In this example the servers r0db2, r0db3 and r0db4 are disconnected. It is determined that r0db2 may be able to be restarted in the future but not soon enough to quickly form a valid quorum. It will not be possible to start the admin service on r0db3 and r0db4 and therefore they are to be removed from the domain.

2. To re-establish an AP quorum the disconnected servers will be temporarily removed from the voting for leadership. This is done by restarting all of the surviving admin servers with the --evicted-servers option and a comma separated list of servers to exclude from voting. This must be done on all of the surviving admin servers. In this example we restart the servers on r0db0 and r0db1 with the following command:

/opt/nuodb/etc/nuoadmin restart --evicted-servers r0db3,r0db4

This removes r0db3 and r0db4 from the voting for AP quorum but will not remove them from the durable domain.

3. Since there are now three voting members instead of the original five, the remaining admin servers form a majority of two out of three. This can be validated by fact that a new leader has been elected and is one of the connected admin servers:

nuocmd show domain
...
Servers:
  [r0db0] 172.31.45.7:48005 [last_ack = 4.89] [member = ADDED] [raft_state = ACTIVE] (LEADER, Leader=r0db0, log=46/103/103) Connected *
  [r0db1] 172.31.44.101:48005 [last_ack = 4.61] [member = ADDED] [raft_state = ACTIVE] (FOLLOWER, Leader=r0db0, log=46/103/103) Connected
  [r0db2] 172.31.42.100:48005 [last_ack = NEVER] [member = ADDED] [raft_state = <NO VALUE>] (<NO VALUE>, Leader=<NO VALUE>, log=?/?/?) Disconnected
  [r0db3] 172.31.47.31:48005 [last_ack = NEVER] [member = ADDED] [raft_state = <NO VALUE>] (<NO VALUE>, Leader=<NO VALUE>, log=?/?/?) Disconnected
  [r0db4] 172.31.47.176:48005 [last_ack = NEVER] [member = ADDED] [raft_state = <NO VALUE>] (<NO VALUE>, Leader=<NO VALUE>, log=?/?/?) Disconnected

4. The disconnected servers can now be permanently removed from the durable domain using the delete server command.

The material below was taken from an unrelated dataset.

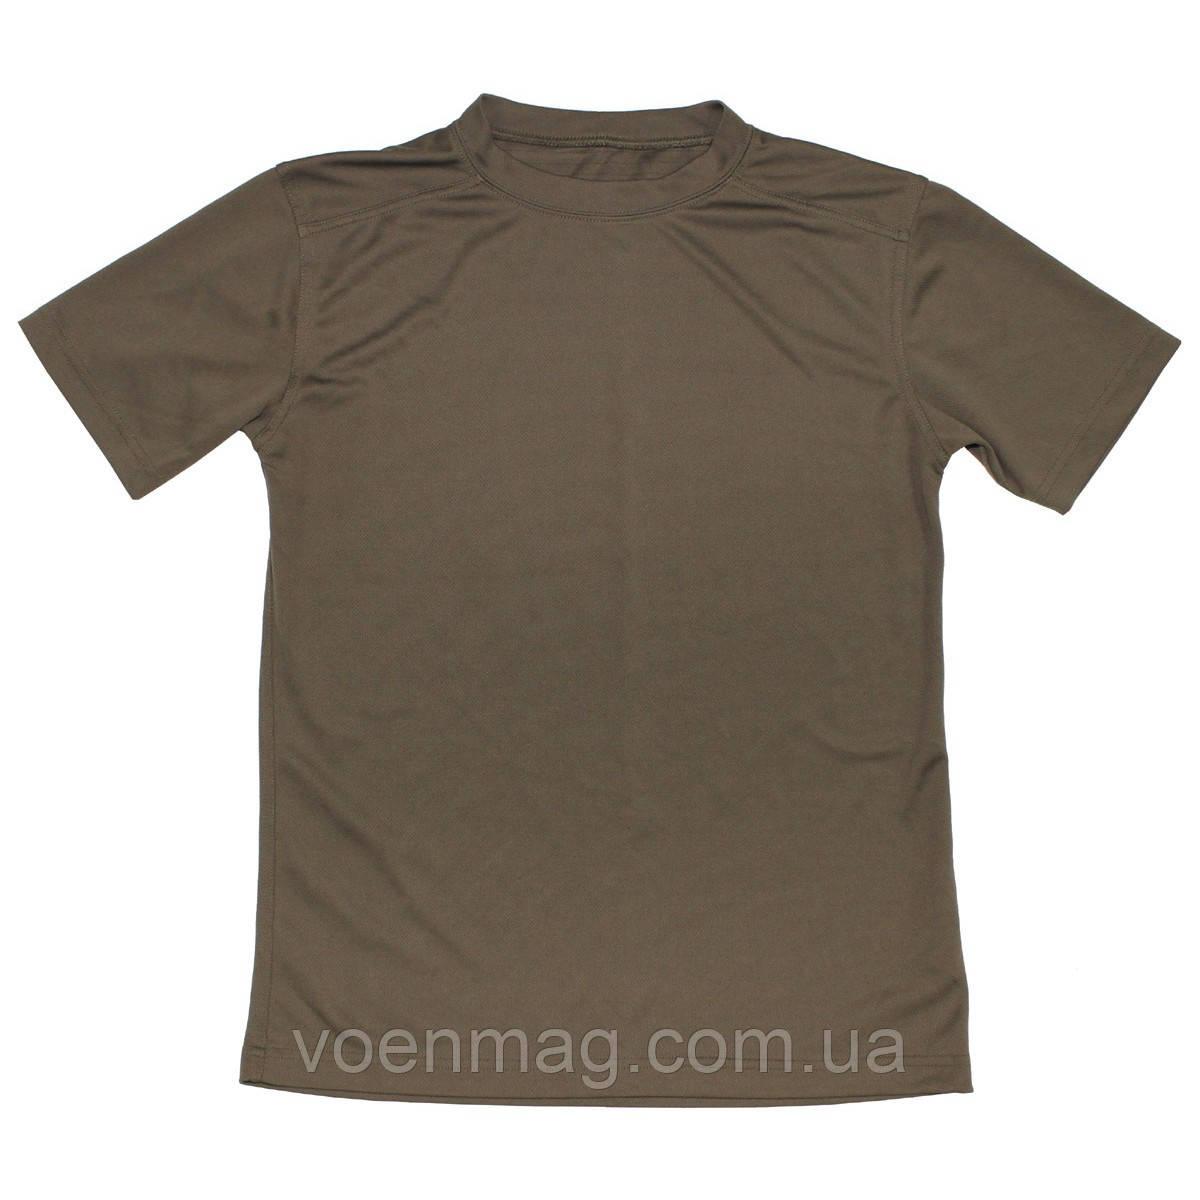 Британские футболки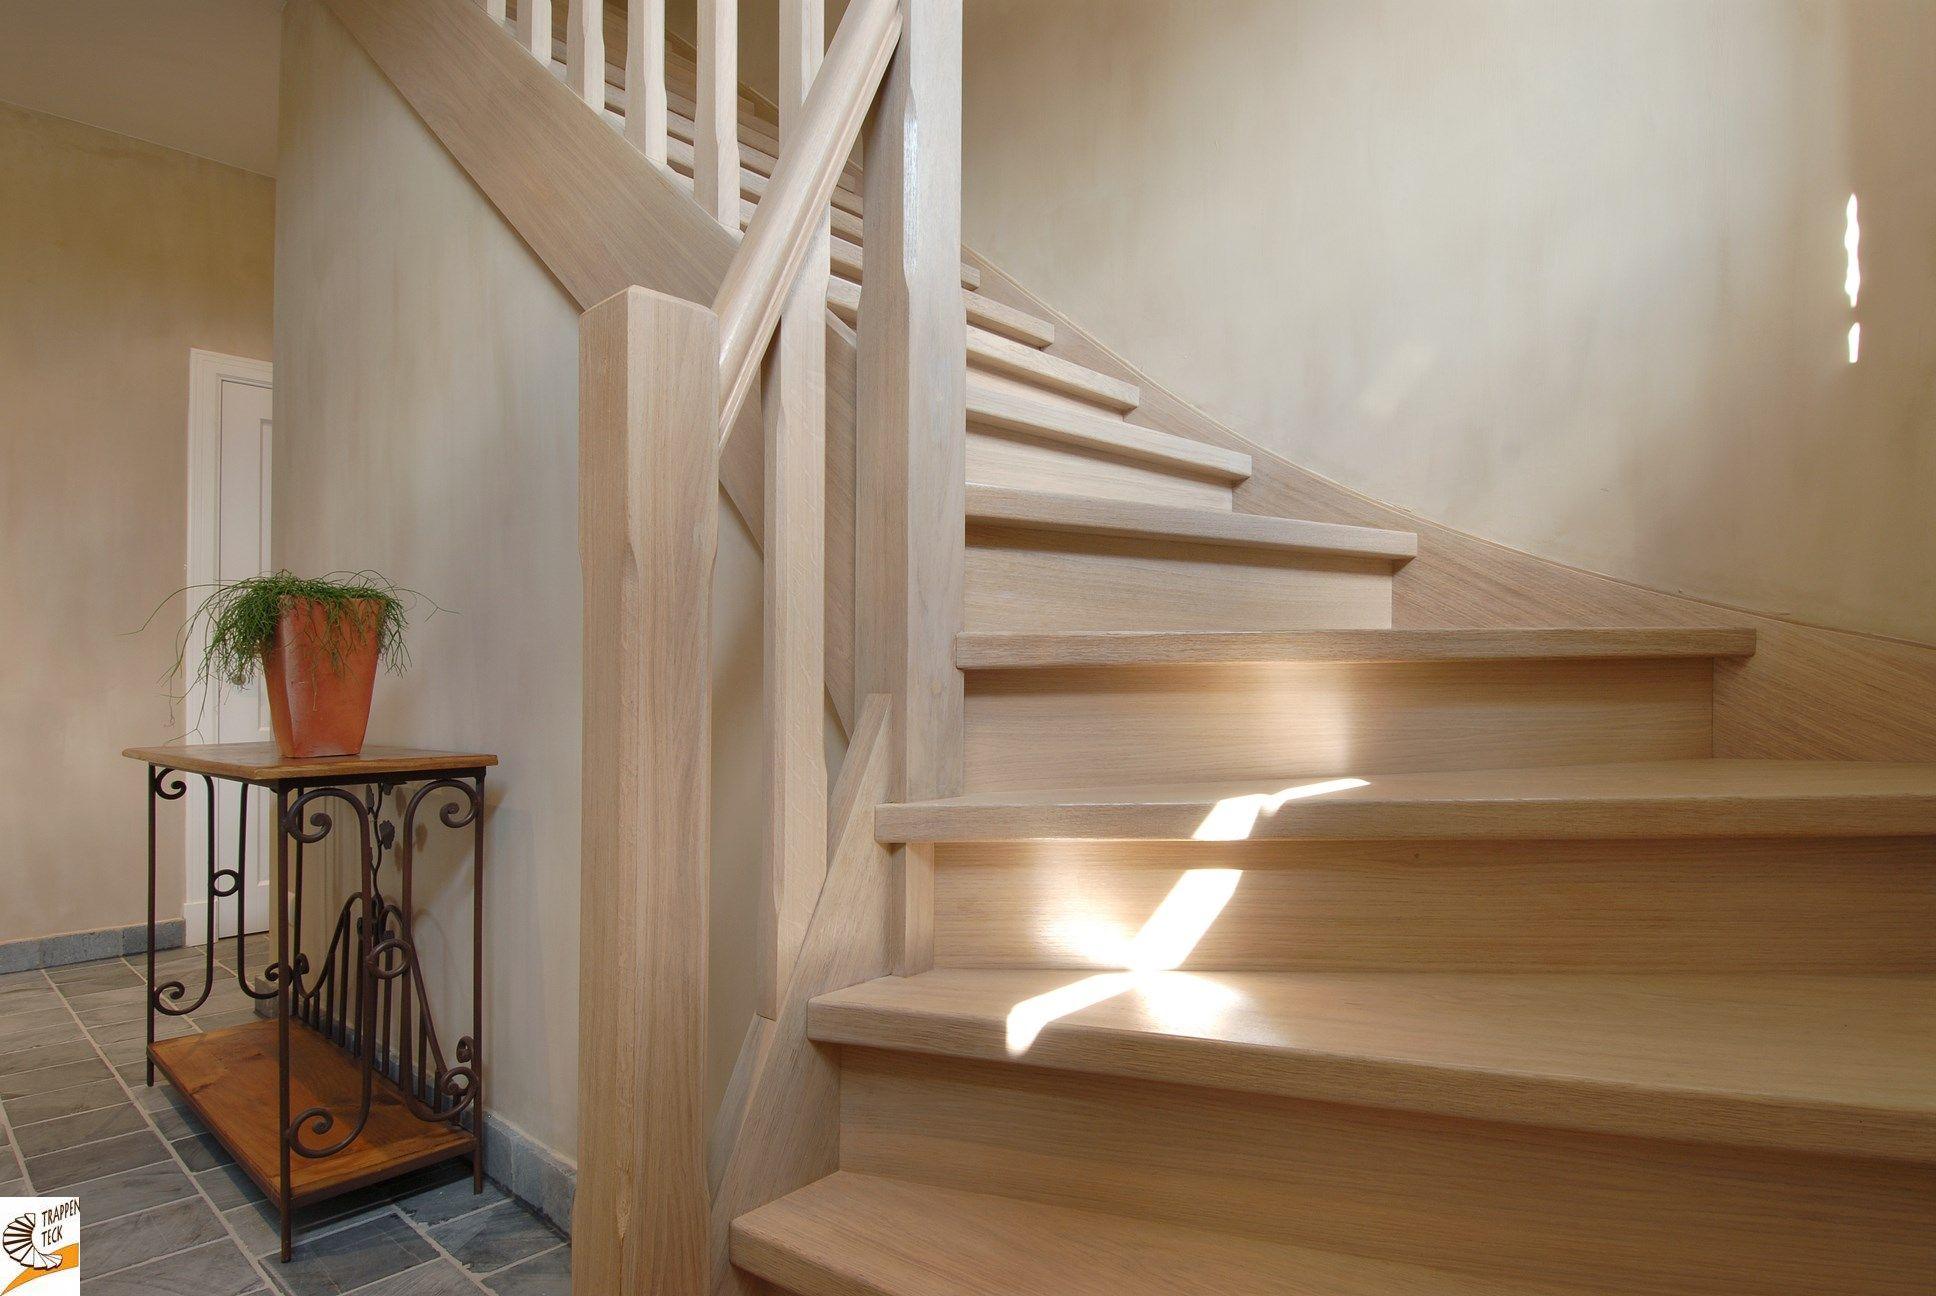 Deco houten trap: houten trap decoratie beste decoratieve ladder

nuocmd delete server --server-id r0db4
nuocmd show domain
...
Servers:
  [r0db0] 172.31.45.7:48005 [last_ack = 5.35] [member = ADDED] [raft_state = ACTIVE] (LEADER, Leader=r0db0, log=46/106/106) Connected *
  [r0db1] 172.31.44.101:48005 [last_ack = 5.35] [member = ADDED] [raft_state = ACTIVE] (FOLLOWER, Leader=r0db0, log=46/106/106) Connected
  [r0db2] 172.31.42.100:48005 [last_ack = NEVER] [member = ADDED] [raft_state = <NO VALUE>] (<NO VALUE>, Leader=<NO VALUE>, log=?/?/?) Disconnected
  [r0db3] 172.31.47.31:48005 [last_ack = NEVER] [member = ADDED] [raft_state = <NO VALUE>] (<NO VALUE>, Leader=<NO VALUE>, log=?/?/?) Disconnected
nuocmd delete server --server-id r0db3
nuocmd show domain
...
Servers:
[r0db0] 172.31.45.7:48005 [last_ack = 9.55] [member = ADDED] [raft_state = ACTIVE] (LEADER, Leader=r0db0, log=46/109/109) Connected *
[r0db1] 172.31.44.101:48005 [last_ack = 9.55] [member = ADDED] [raft_state = ACTIVE] (FOLLOWER, Leader=r0db0, log=46/106/106) Connected
 [r0db2] 172.31.42.100:48005 [last_ack = NEVER] [member = ADDED] [raft_state = <NO VALUE>] (<NO VALUE>, Leader=<NO VALUE>, log=?/?/?) Disconnected
Servers that are deleted may not be able to re-enter the domain with the existing server IDs.

5. Restart the admin servers without the --evicted-servers option.

It is important to restart the admin servers immediately. Failure to do so could cause issues with quorum voting in the domain in the future.

If the issue that caused you to delete a server ID from the domain is resolved you may wish start the admin server on the host in question again.